WHAT IS BEING ASKED
Every line of the data below is to be given again as it appears, with the images removed.

RECORDED INFORMATION
○ ○ ○ ○ ○ ○ ○
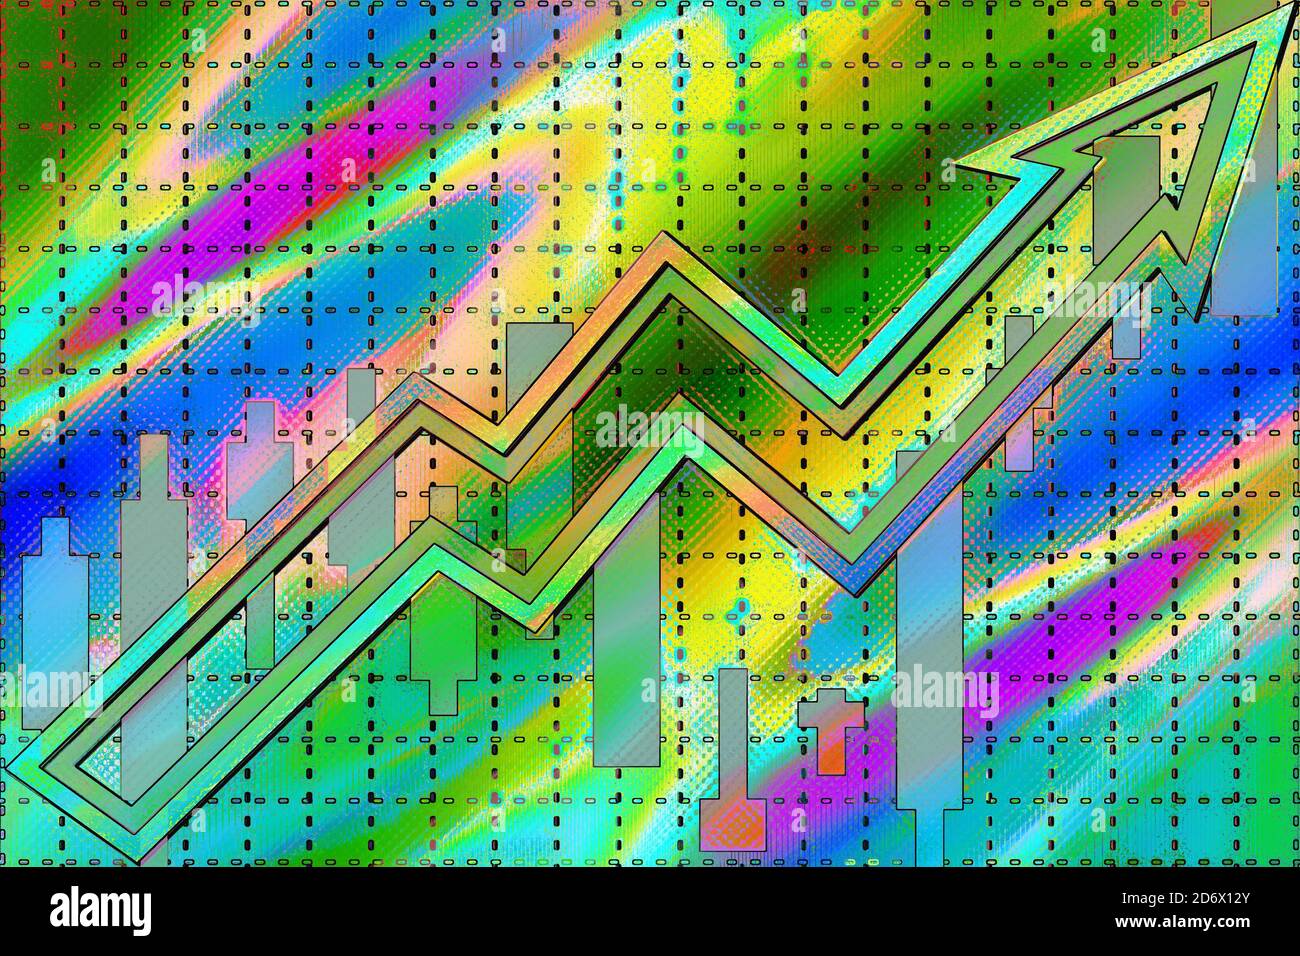 Une flèche tendance néon multicolore abstraite et une image d'arrière-plan de graphique en forme de chandelier. Banque D'Images
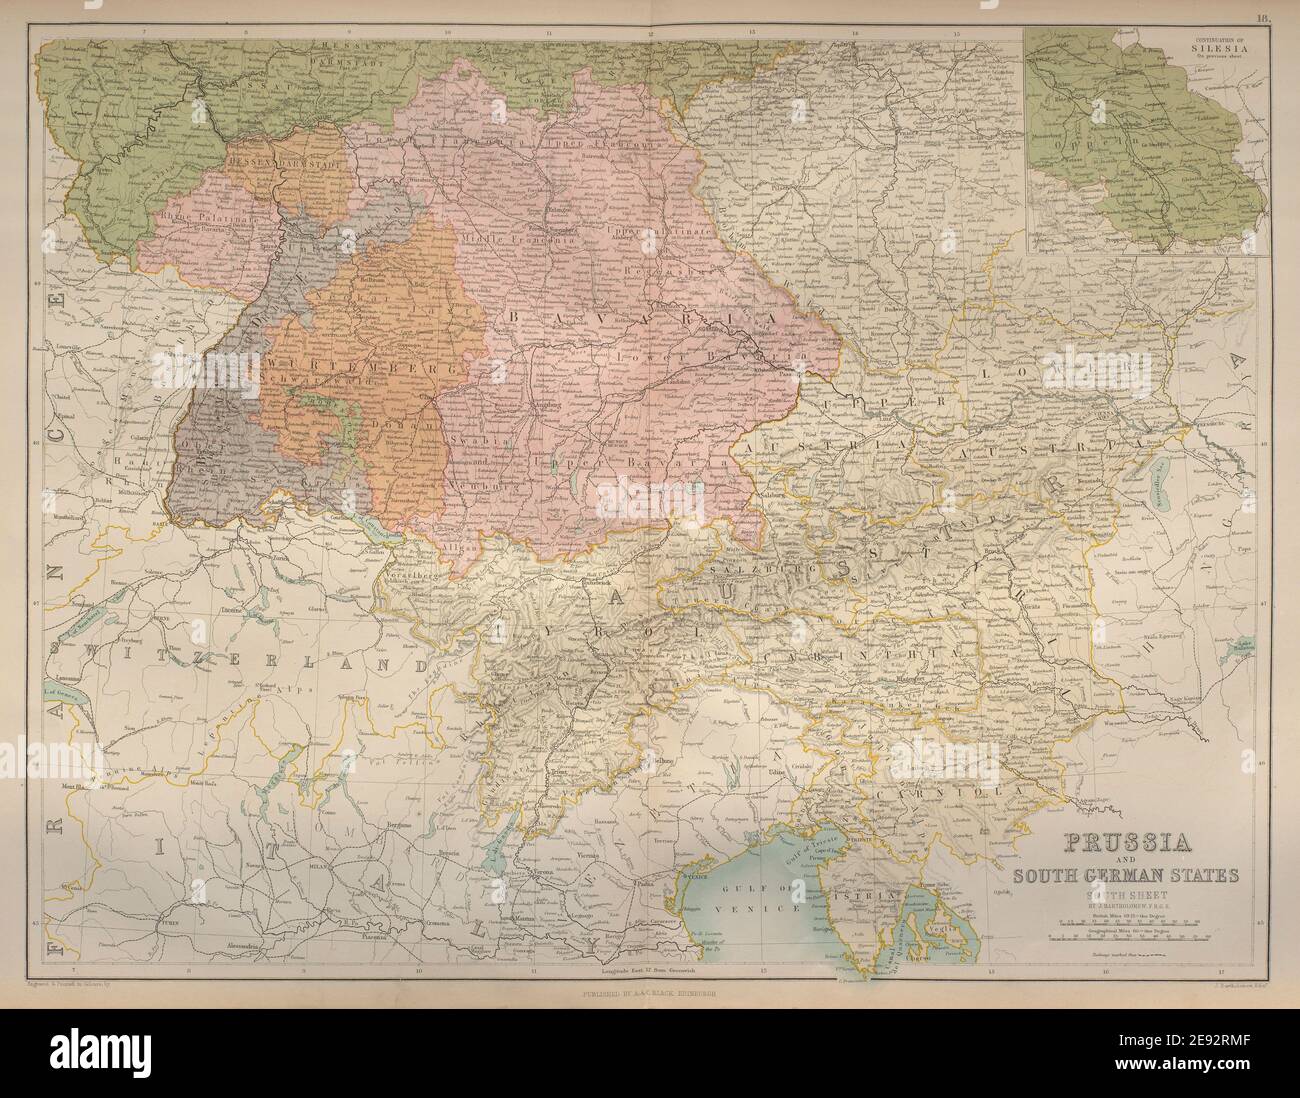 Southern Germany states & Austria. Poland Silesia Bavaria. BARTHOLOMEW 1870 map Stock Photo
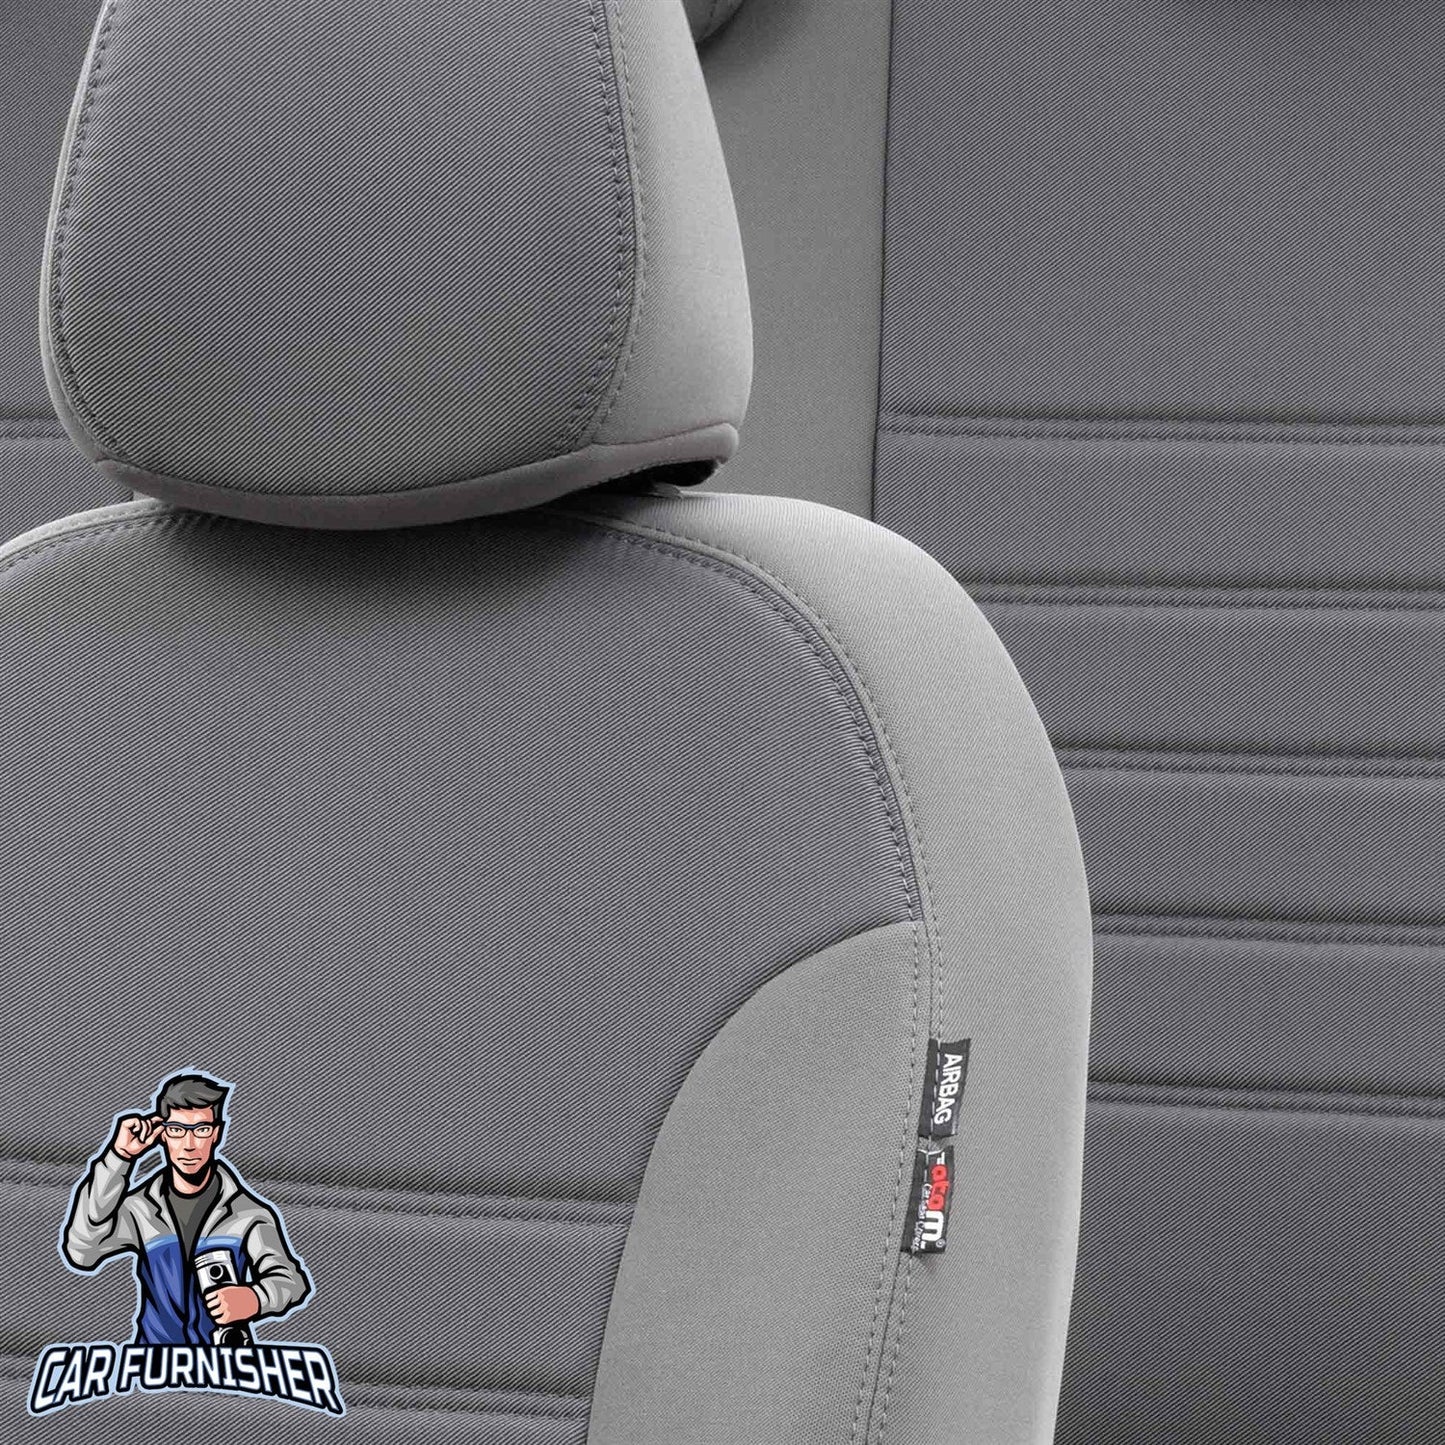 Toyota Aygo Seat Cover Original Jacquard Design Gray Jacquard Fabric
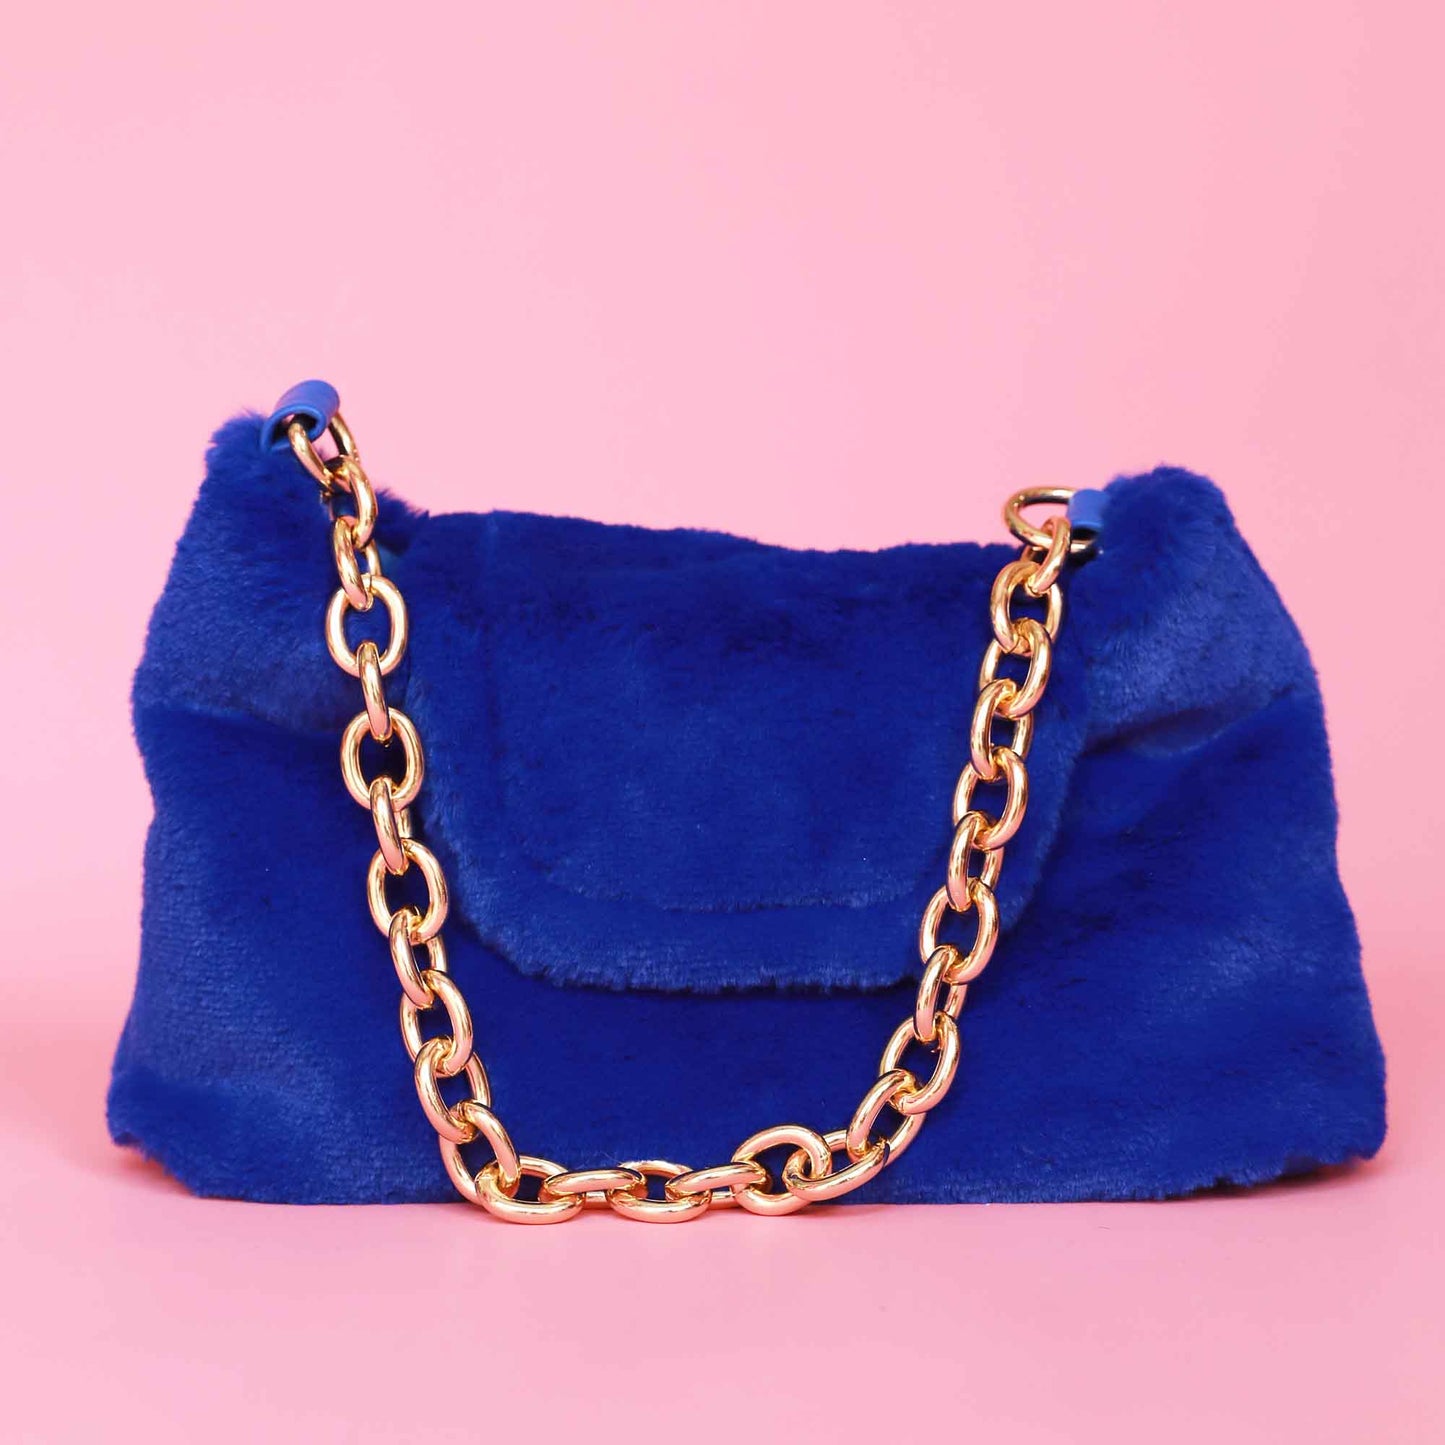 Luna Bag in Blue
○ ○ ○ ○ ○ ○ ○
RESPONSE
 Une flèche tendance néon multicolore abstraite et une image d'arrière-plan de graphique en forme de chandelier. Banque D'Images
 Southern Germany states & Austria. Poland Silesia Bavaria. BARTHOLOMEW 1870 map Stock Photo
 Toyota Aygo Seat Cover Original Jacquard Design Gray Jacquard Fabric
 Luna Bag in Blue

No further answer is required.